Exercise directions. Transcribe only the lines in the data below falling between the line with "Garde d'enfants, un" and the line with "Un exemple très", including those two lines, and leave out any picture.

Dataset records.
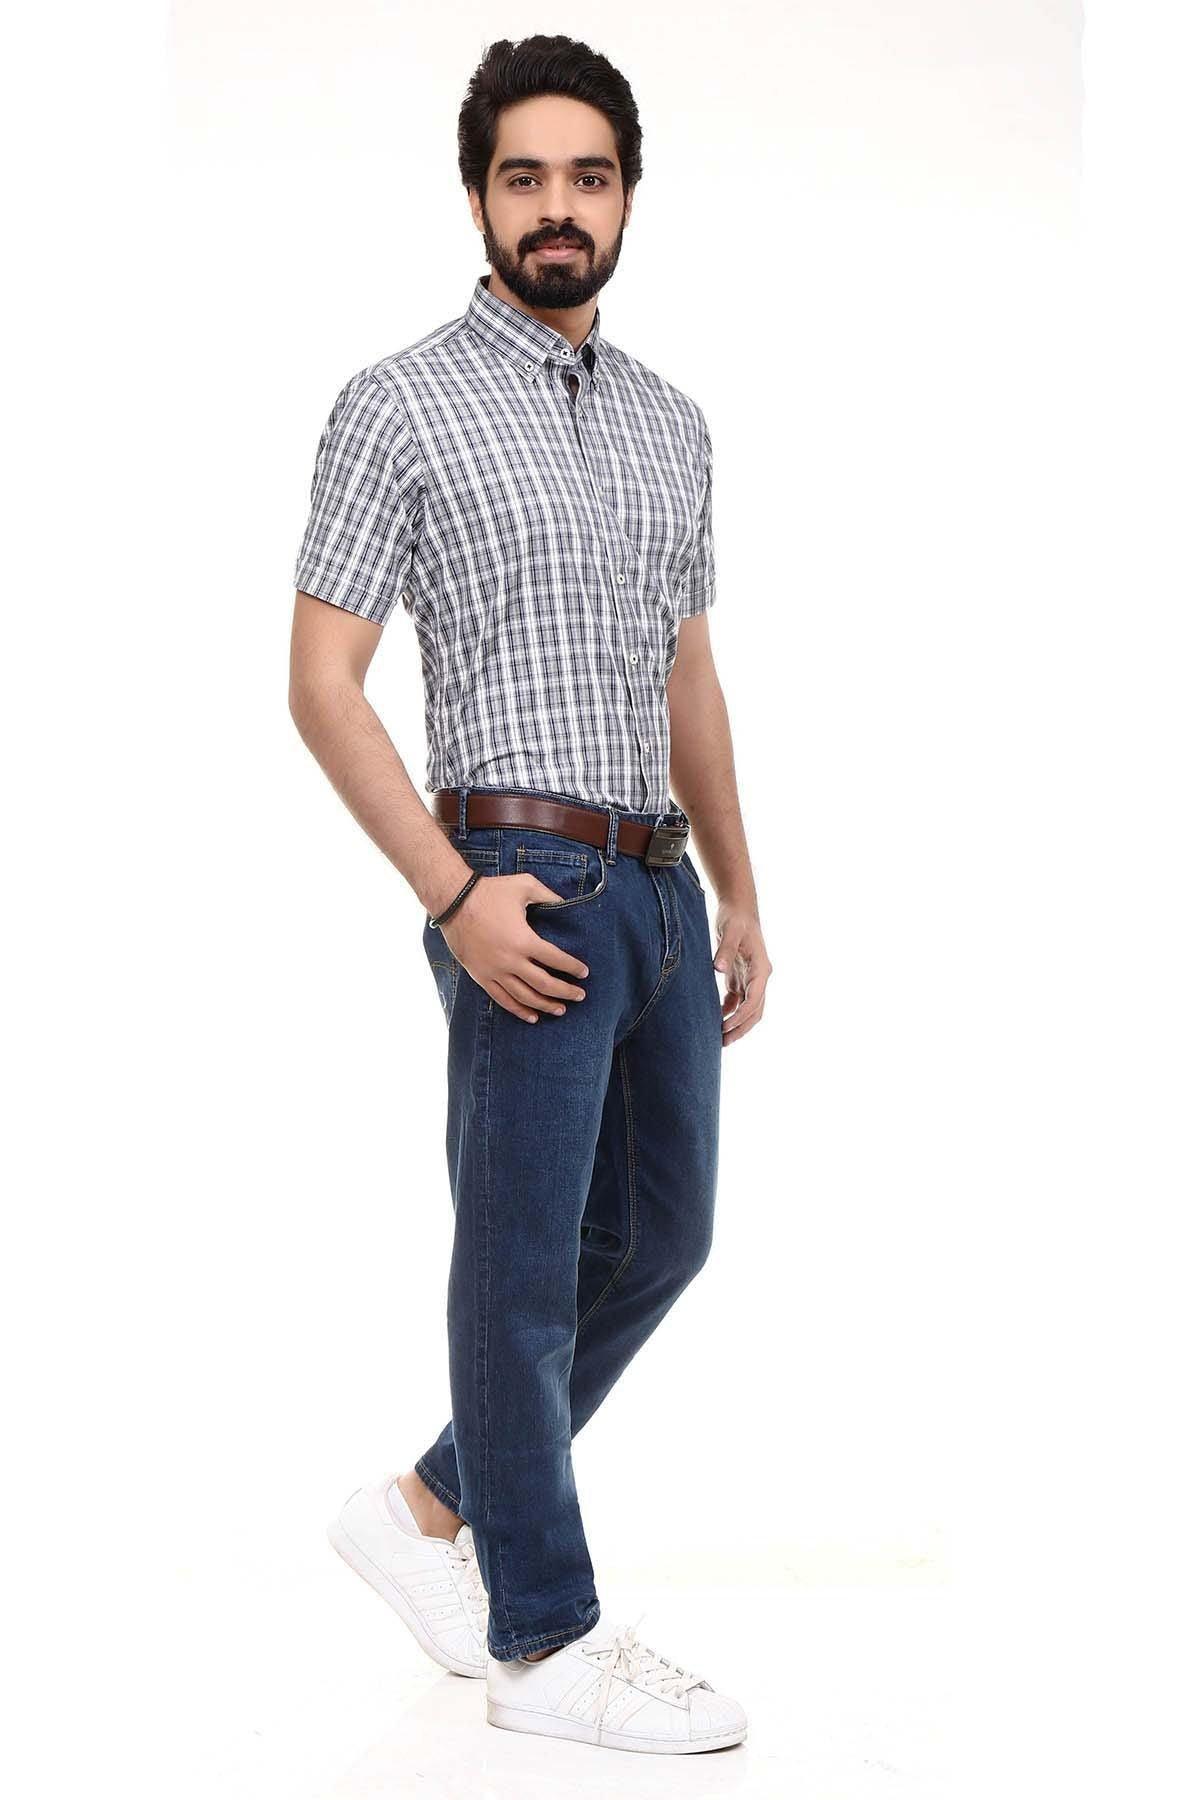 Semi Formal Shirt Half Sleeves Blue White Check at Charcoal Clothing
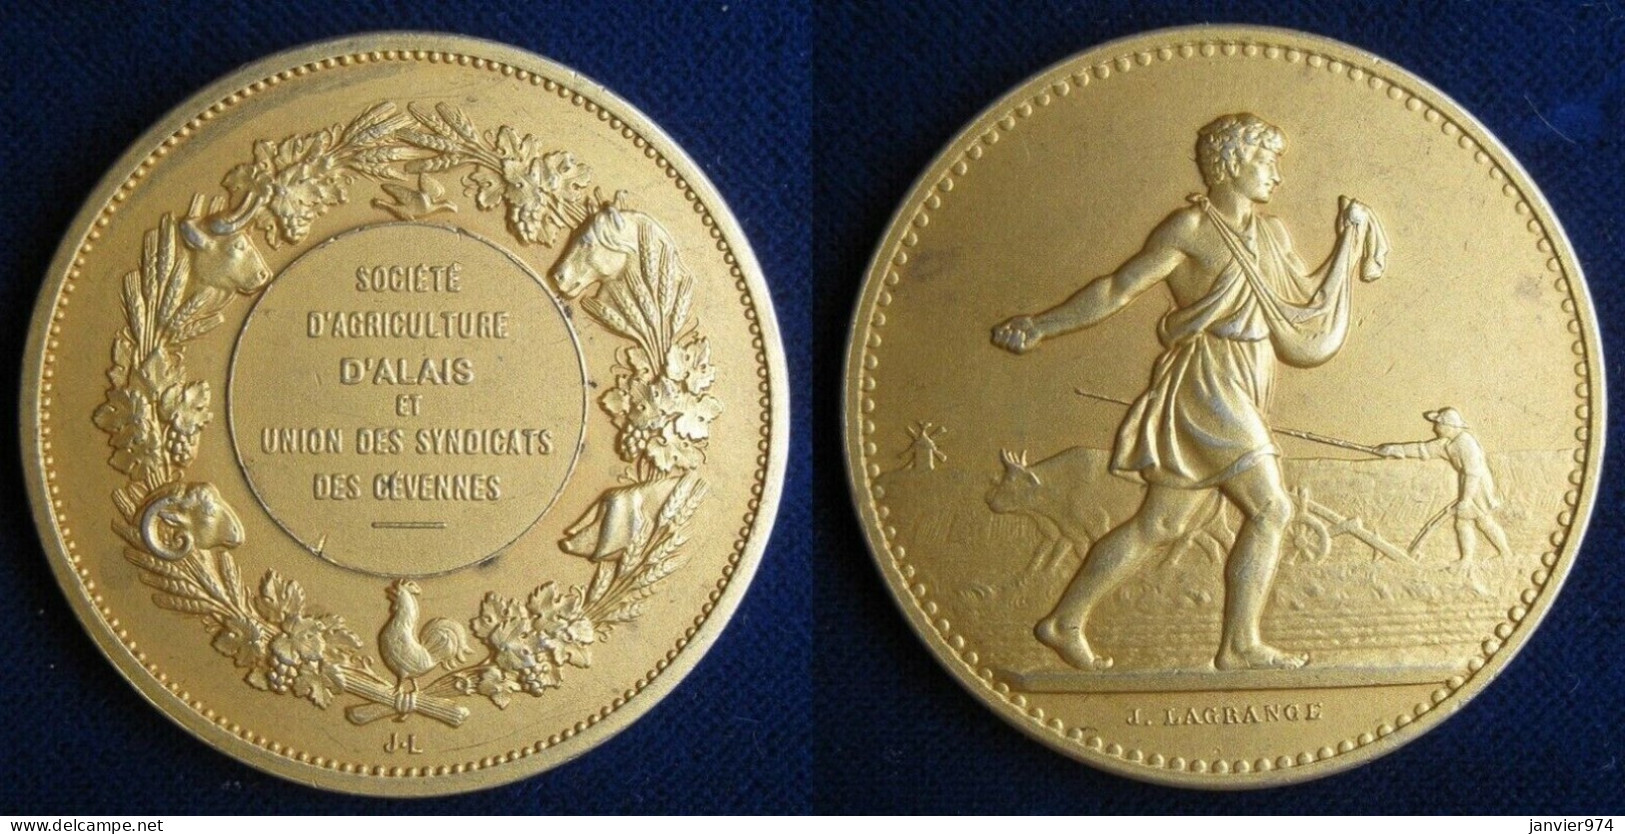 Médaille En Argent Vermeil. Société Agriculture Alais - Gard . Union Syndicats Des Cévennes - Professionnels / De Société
* * *
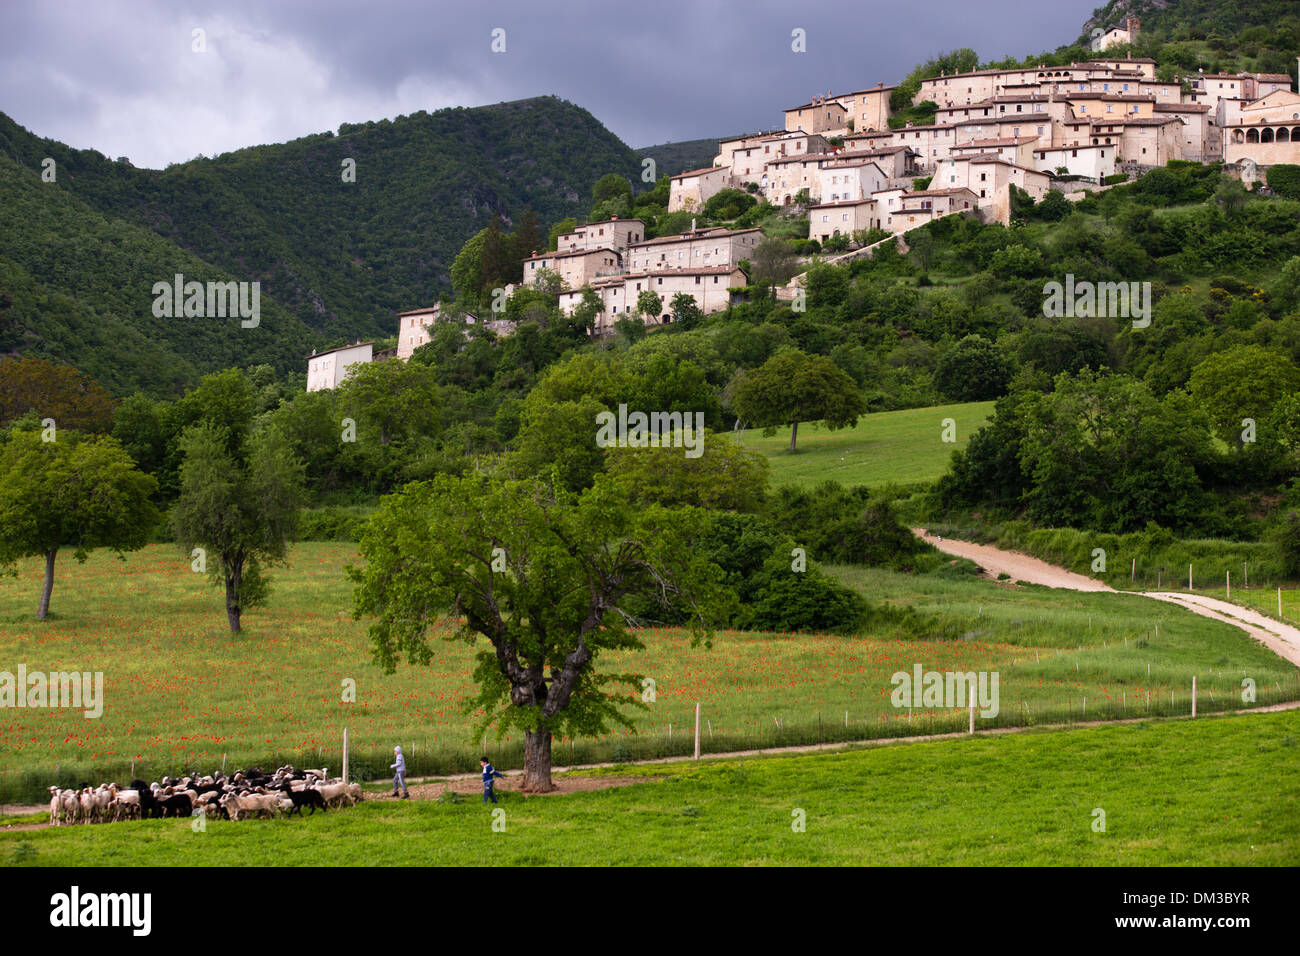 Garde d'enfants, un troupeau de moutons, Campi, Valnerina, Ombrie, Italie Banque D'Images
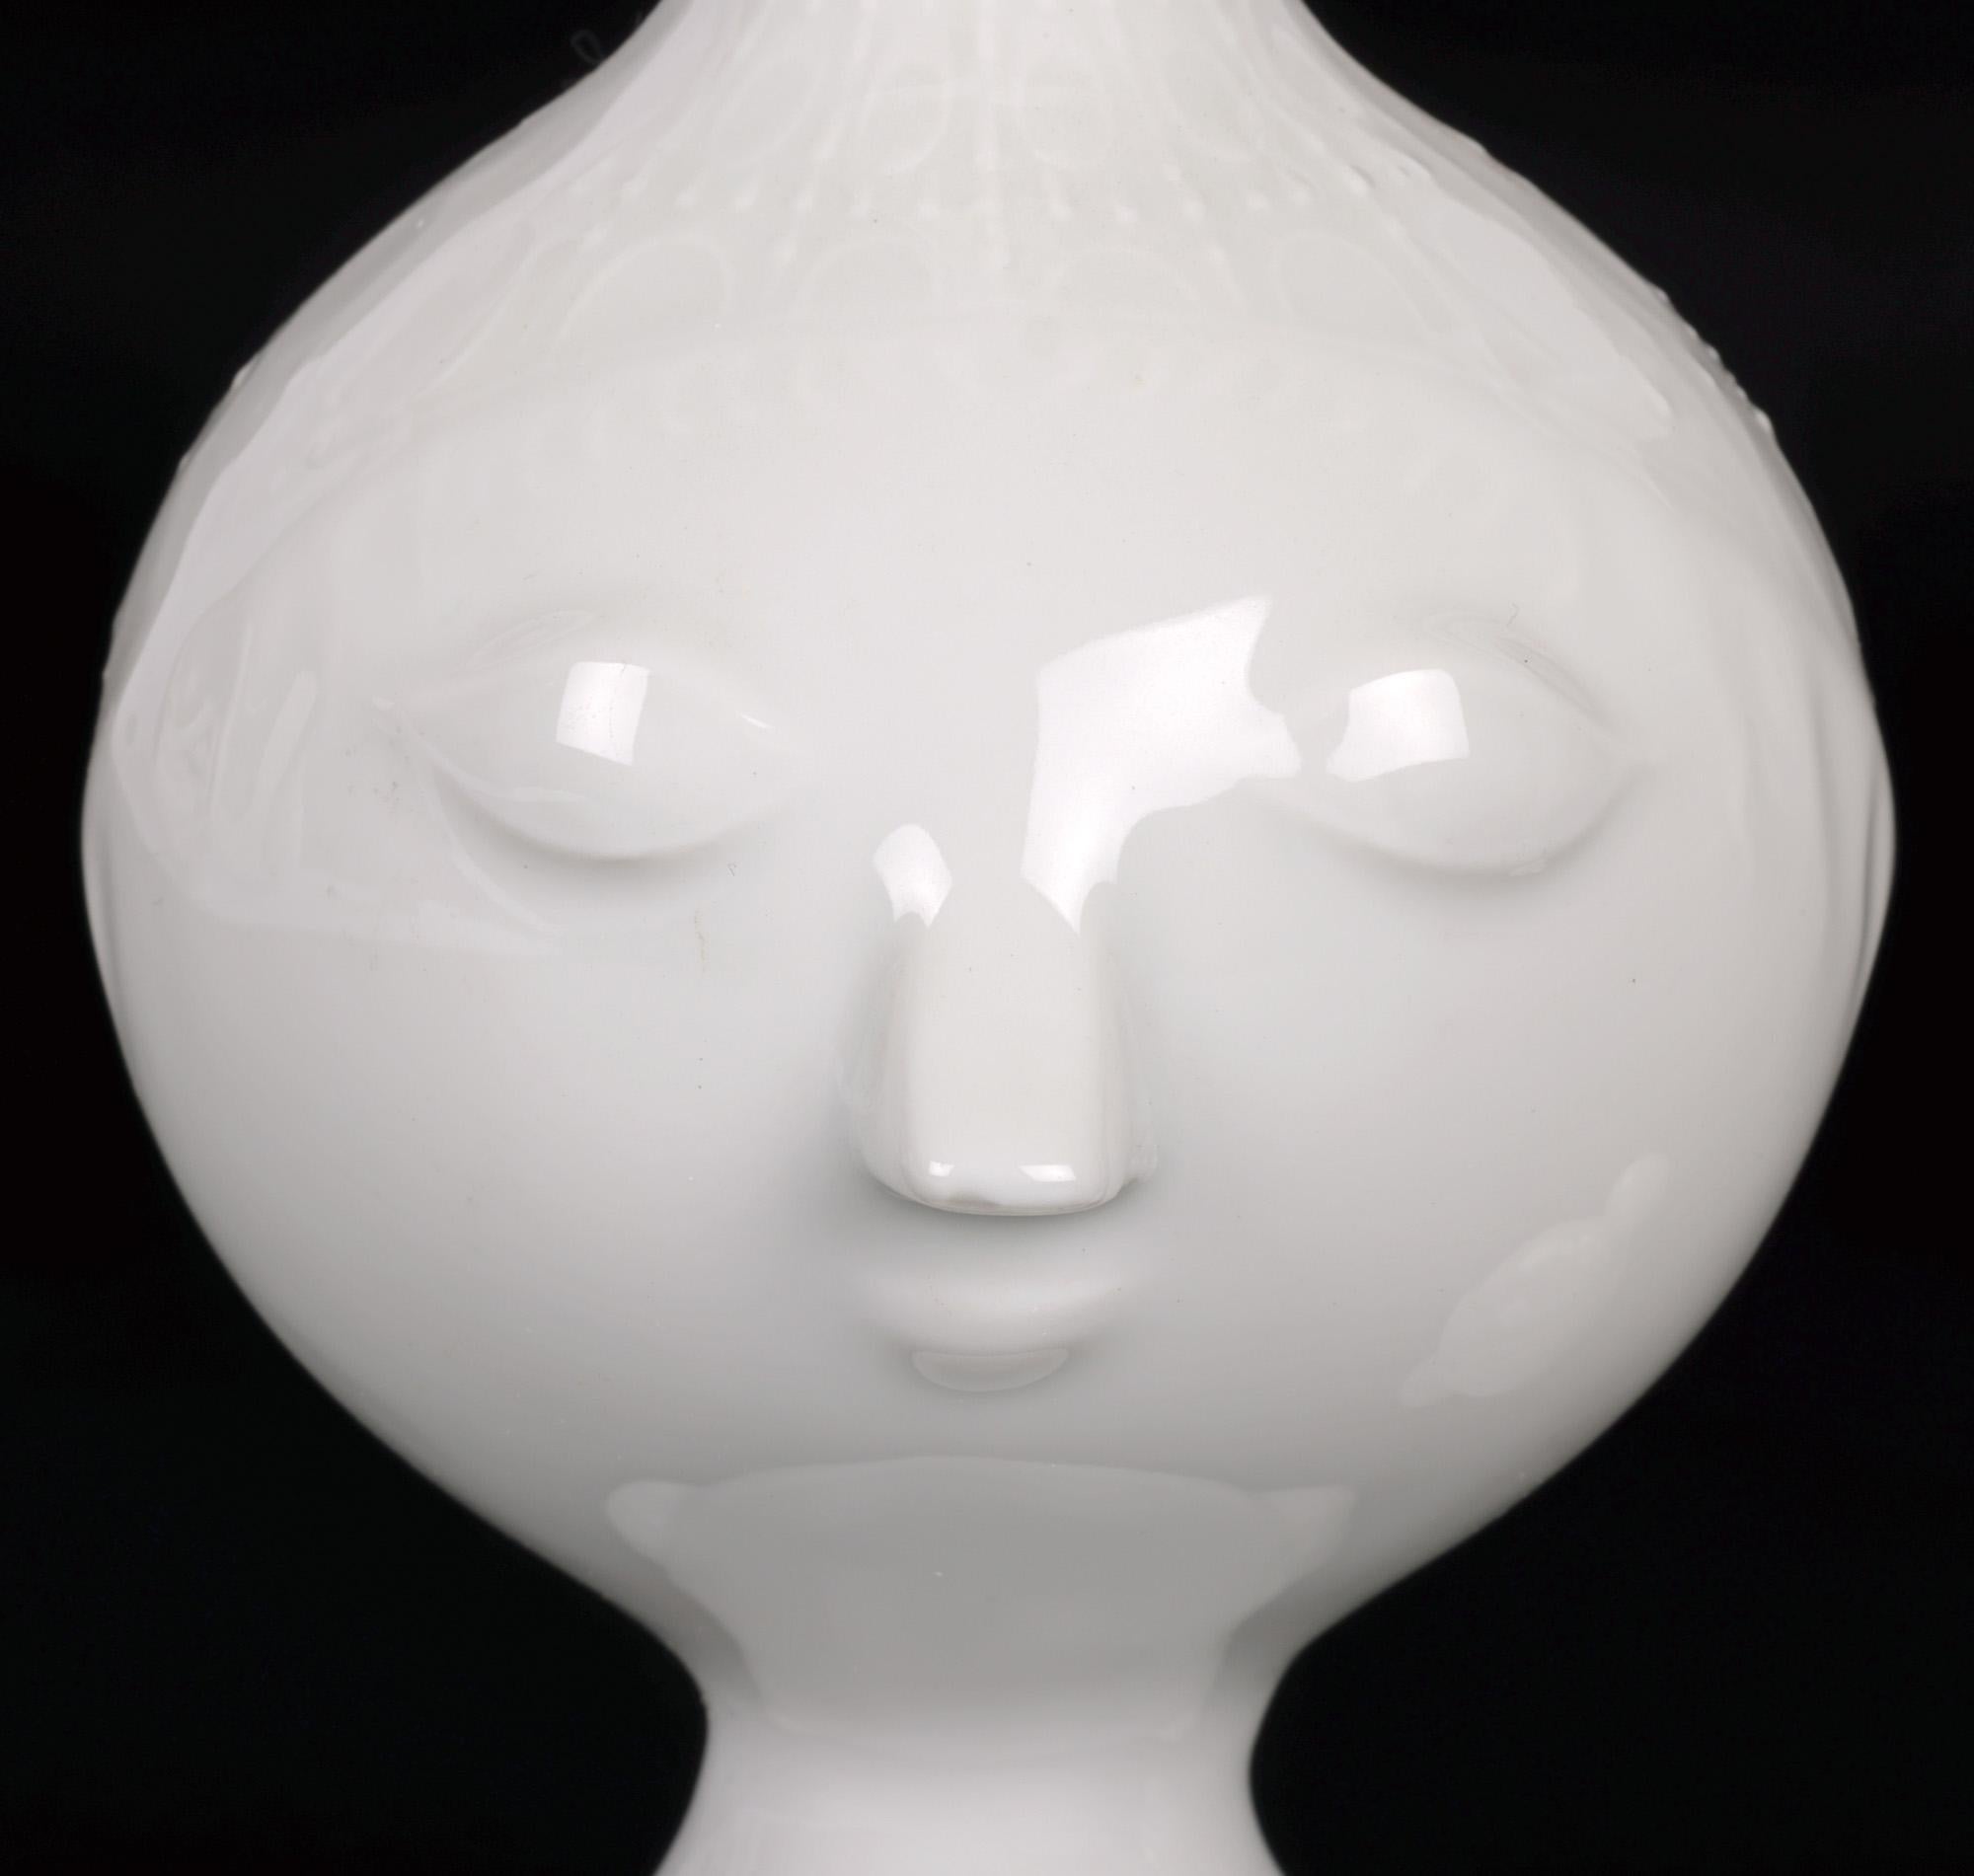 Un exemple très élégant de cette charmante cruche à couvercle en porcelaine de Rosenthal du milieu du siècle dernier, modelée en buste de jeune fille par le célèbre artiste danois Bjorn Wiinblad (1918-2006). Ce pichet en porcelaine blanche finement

Exercise output.
 Garde d'enfants, un troupeau de moutons, Campi, Valnerina, Ombrie, Italie Banque D'Images
 Un exemple très élégant de cette charmante cruche à couvercle en porcelaine de Rosenthal du milieu du siècle dernier, modelée en buste de jeune fille par le célèbre artiste danois Bjorn Wiinblad (1918-2006). Ce pichet en porcelaine blanche finement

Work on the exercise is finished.